Nulle « guerre de l’eau » pourtant, mais une série d’escarmouches qui préfigurent, en plus modeste, ce que réserve le réchauffement pour les prochaines années. Dans la nuit du 28 au 29 juillet, à Gérardmer (Vosges), les jacuzzis de plusieurs habitations à vocation touristique ont été éventrés – les propriétaires y ont retrouvé une note indiquant : « L’eau, c’est fait pour boire ». Trois jours plus tard, le 1er août, le maire de la célèbre station balnéaire vosgienne annonçait que les sources d’eau potable de la ville – en particulier la nappe phréatique de Ramberchamp – étant à sec, il allait falloir pomper l’eau du lac, dont la potabilité n’était pas certaine.

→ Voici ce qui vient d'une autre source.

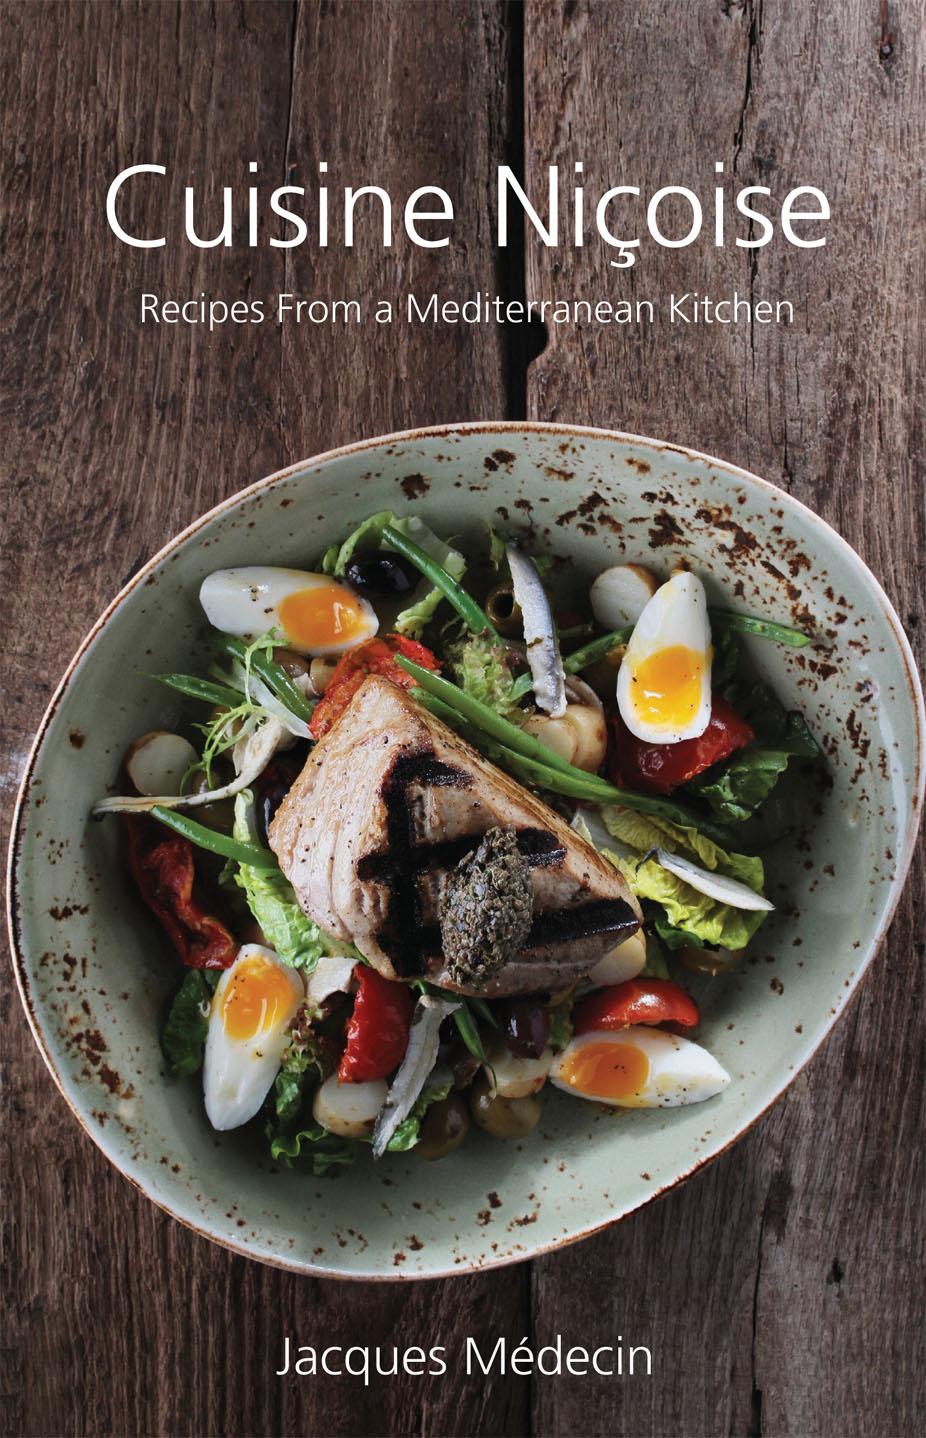 cuisine nicoise | grub street publishing

A Toulouse, c’est le collectif Extinction Rebellion qui a cimenté les trous de deux parcours de golf pour protester contre les dérogations dont ces activités bénéficient afin de permettre l’entretien des greens. Le golf, socialement marqué, est l’objet de toutes les crispations. Alors que le bassin de la Brière (Loire-Atlantique) est en « alerte crise » depuis le 12 juillet, le golf international Barrière de La Baule et celui de la Bretesche, à Missillac (Loire-Atlantique), sont autorisés à irriguer leurs pelouses six nuits par semaine, avec un prélèvement d’eau ne pouvant excéder « plus de 30 % des volumes habituels ».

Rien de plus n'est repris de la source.